RECORDS FOR THIS EXERCISE:
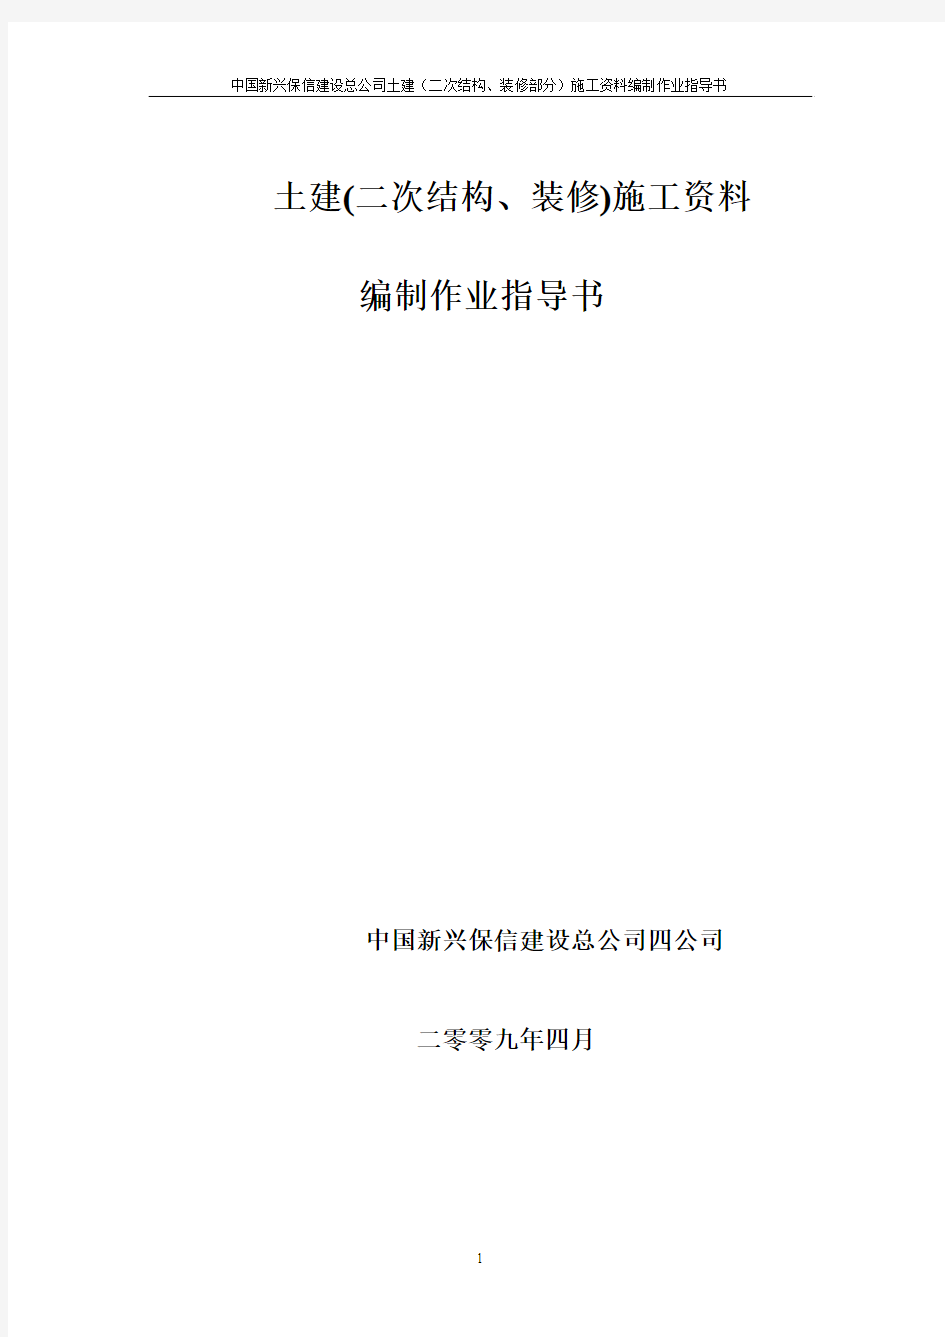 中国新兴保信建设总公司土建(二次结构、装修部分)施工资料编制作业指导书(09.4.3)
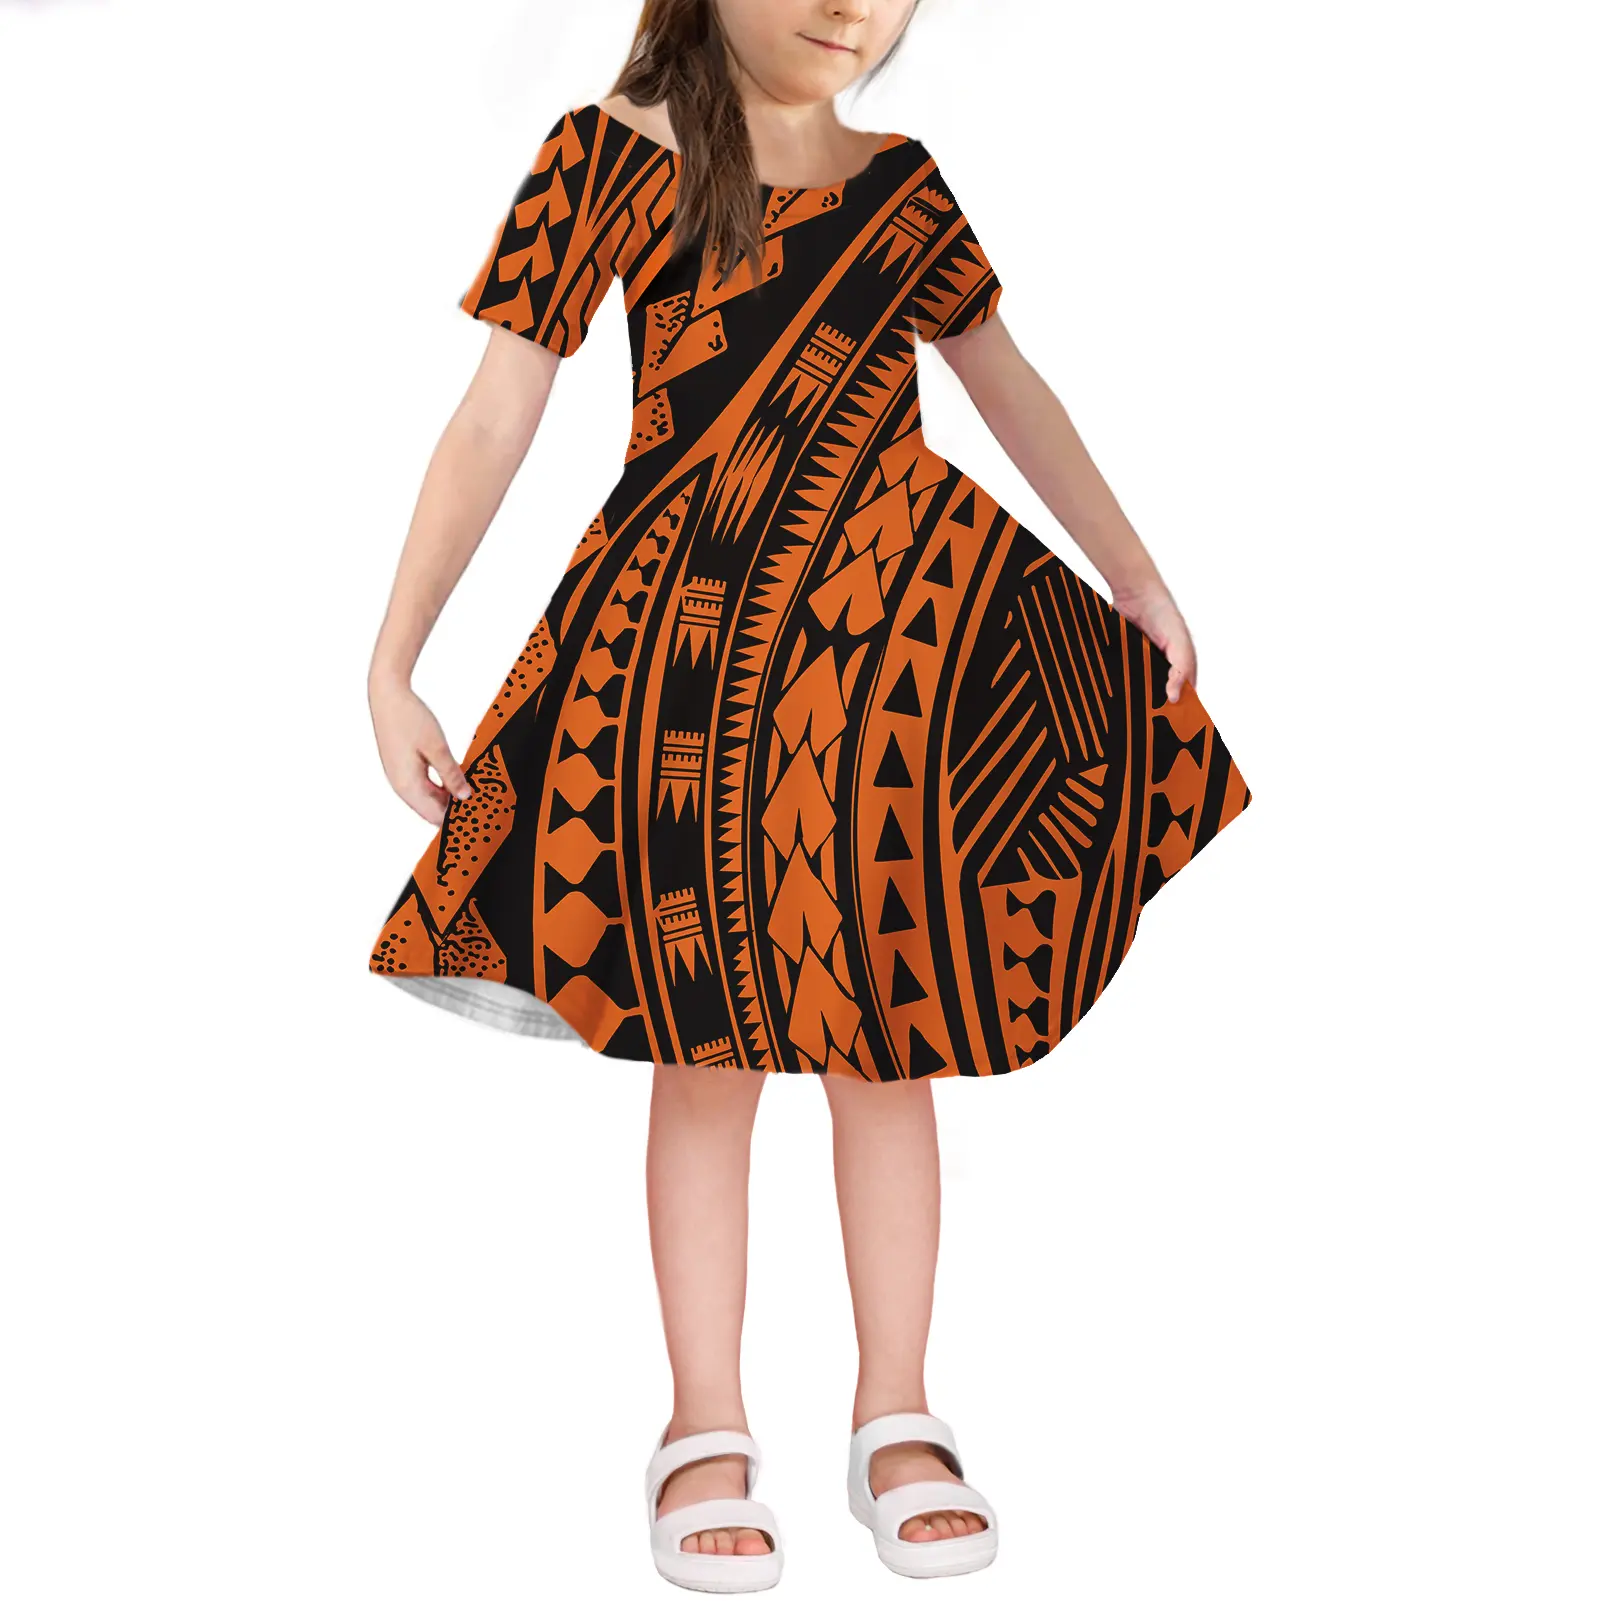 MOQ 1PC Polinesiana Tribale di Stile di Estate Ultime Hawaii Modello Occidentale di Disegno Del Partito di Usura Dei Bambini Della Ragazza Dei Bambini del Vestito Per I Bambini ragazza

--

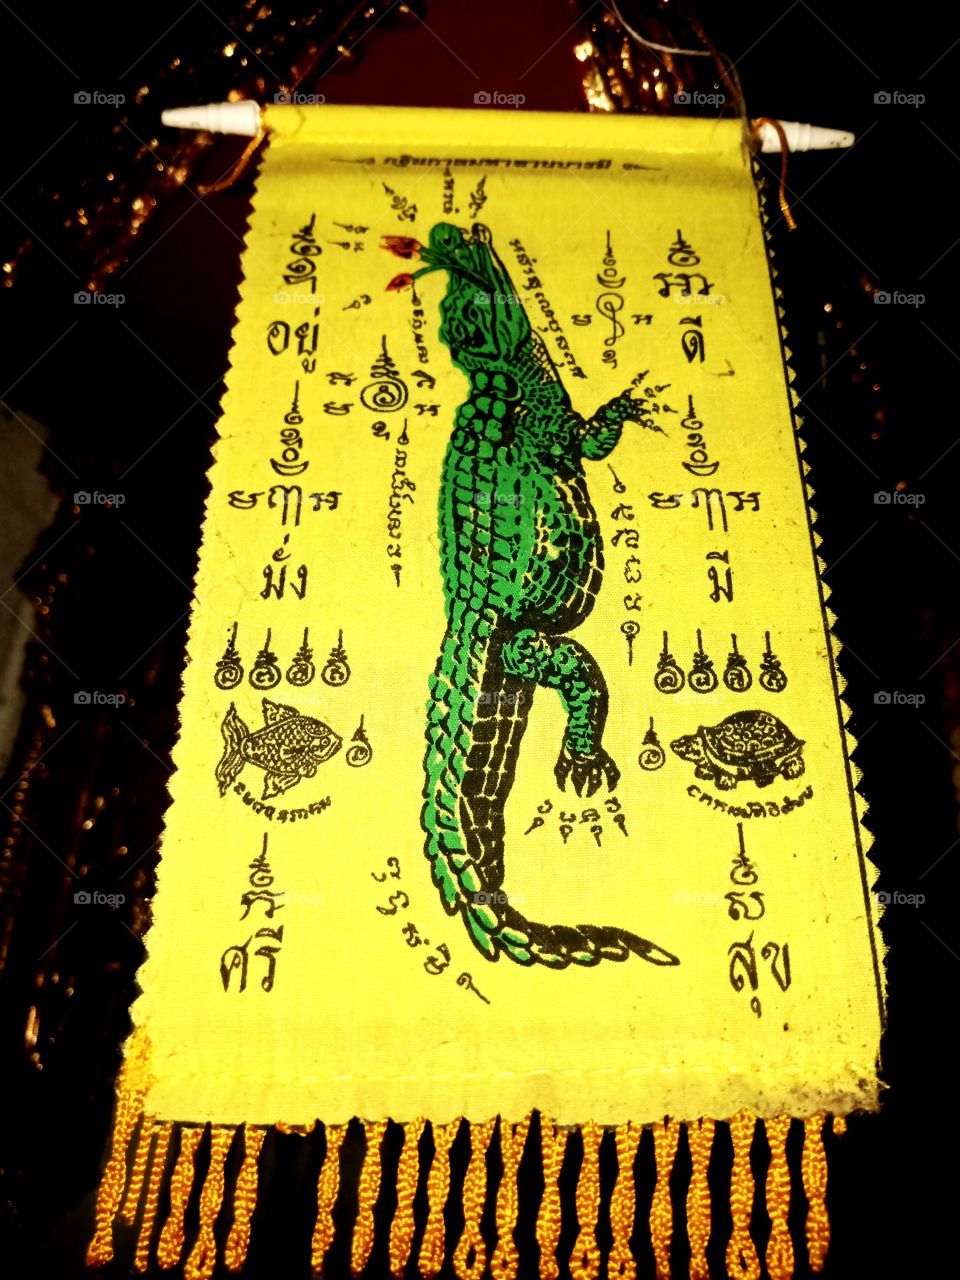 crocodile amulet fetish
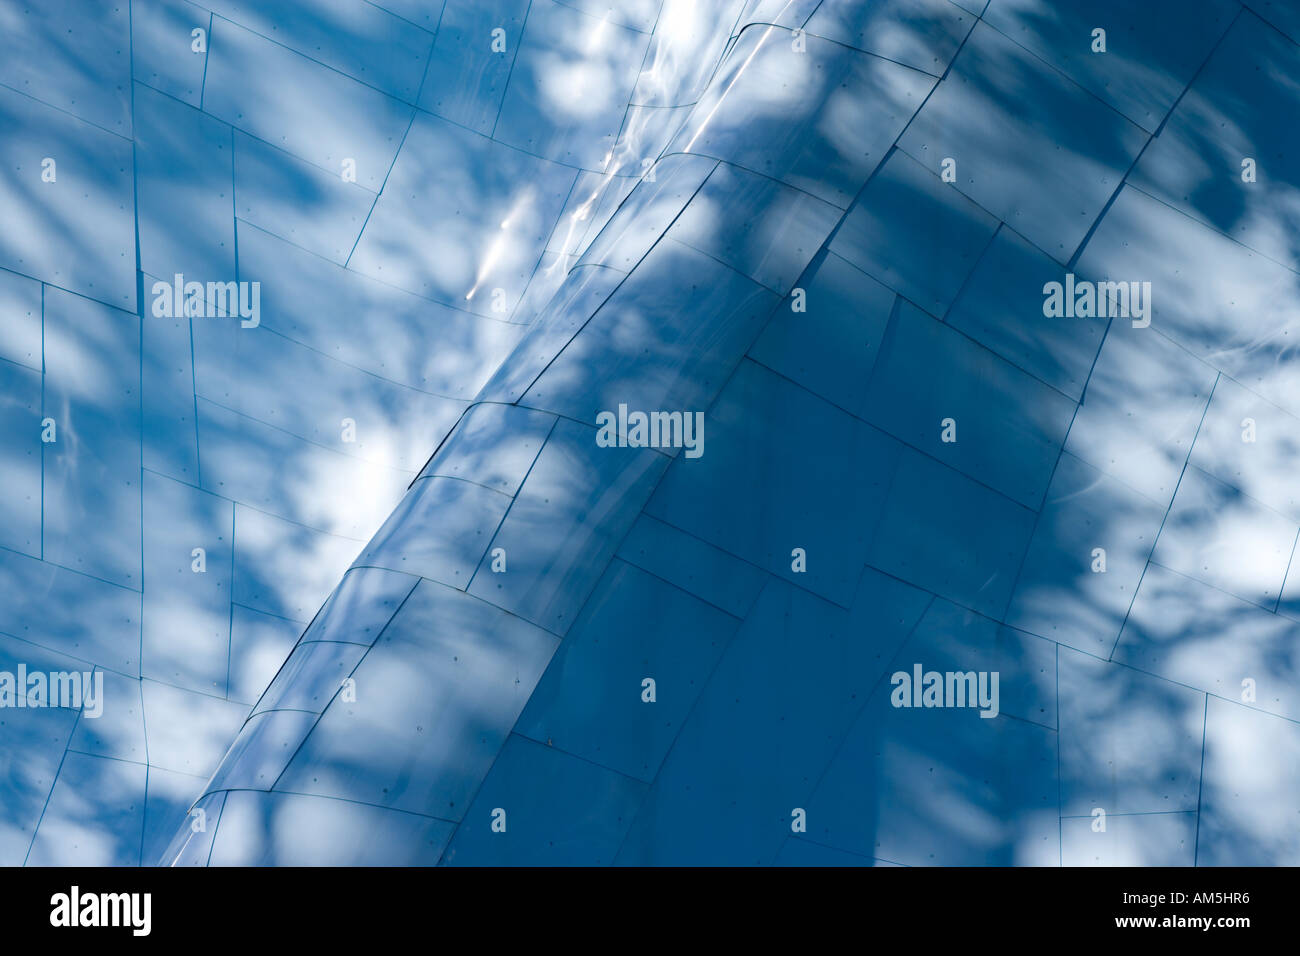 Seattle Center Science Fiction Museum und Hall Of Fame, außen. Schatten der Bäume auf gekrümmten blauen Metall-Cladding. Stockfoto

---

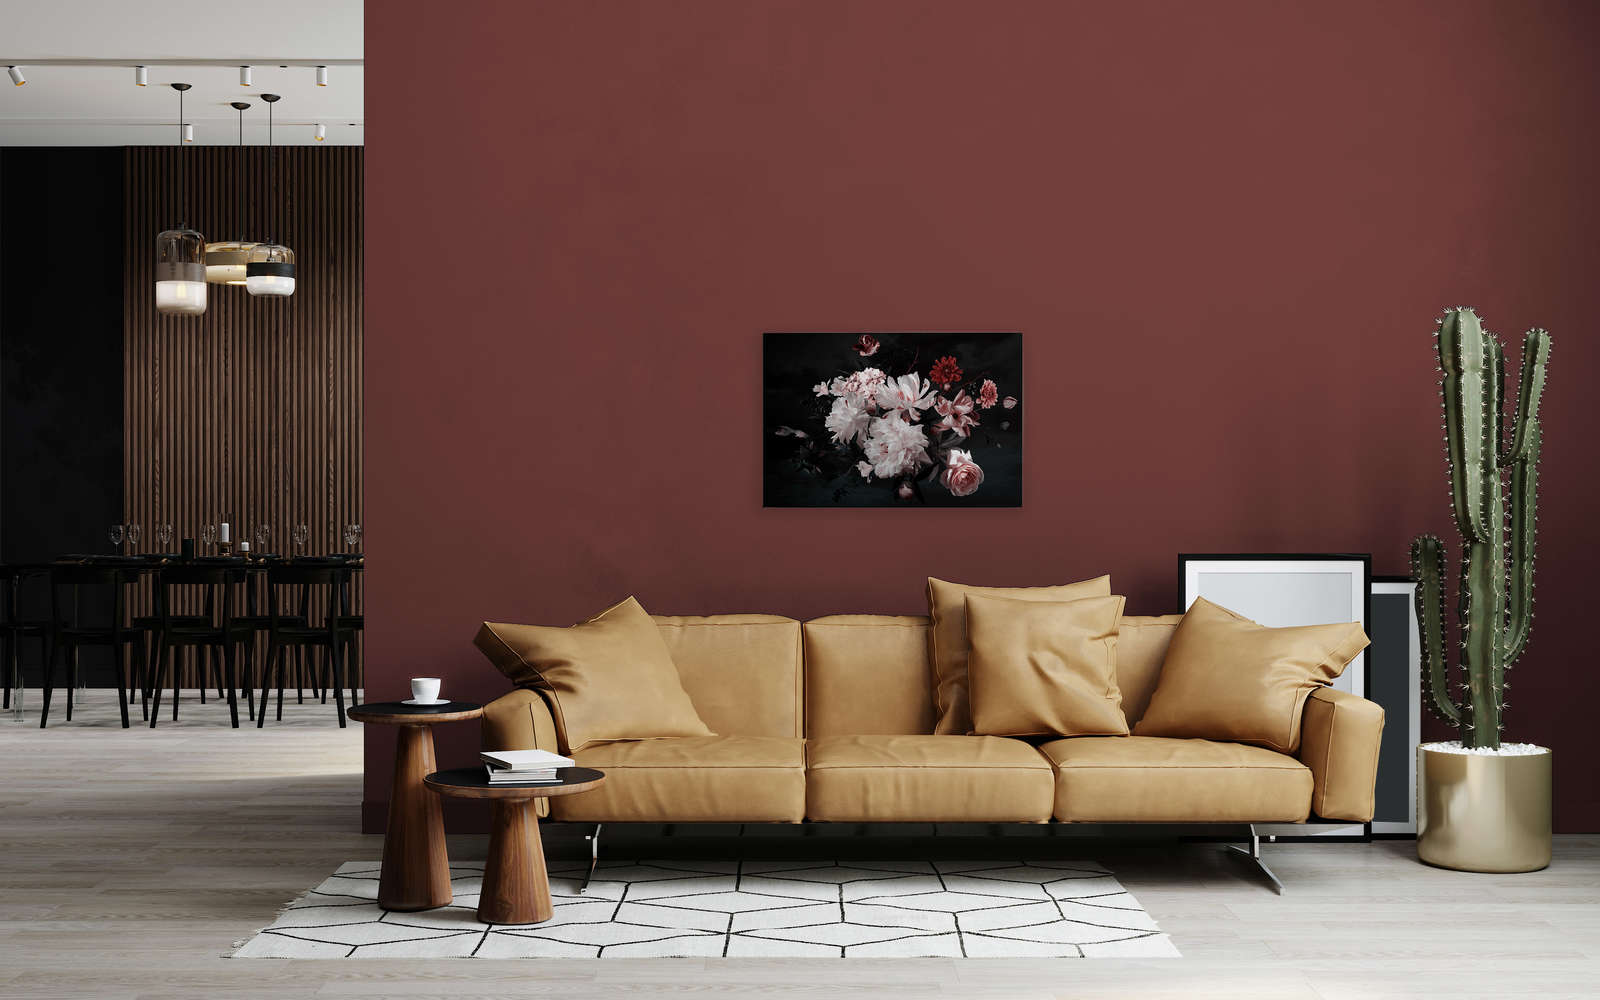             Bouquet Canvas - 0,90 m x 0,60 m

EXERCISE: Taking the records above, print only and exactly the lines from the line with "crocodile amulet fetish" to the line with "Seattle Center Science", both kept, and exclude pictures.

SOLUTION FOR THIS TASK:
 crocodile amulet fetish
 Seattle Center Science Fiction Museum und Hall Of Fame, außen. Schatten der Bäume auf gekrümmten blauen Metall-Cladding. Stockfoto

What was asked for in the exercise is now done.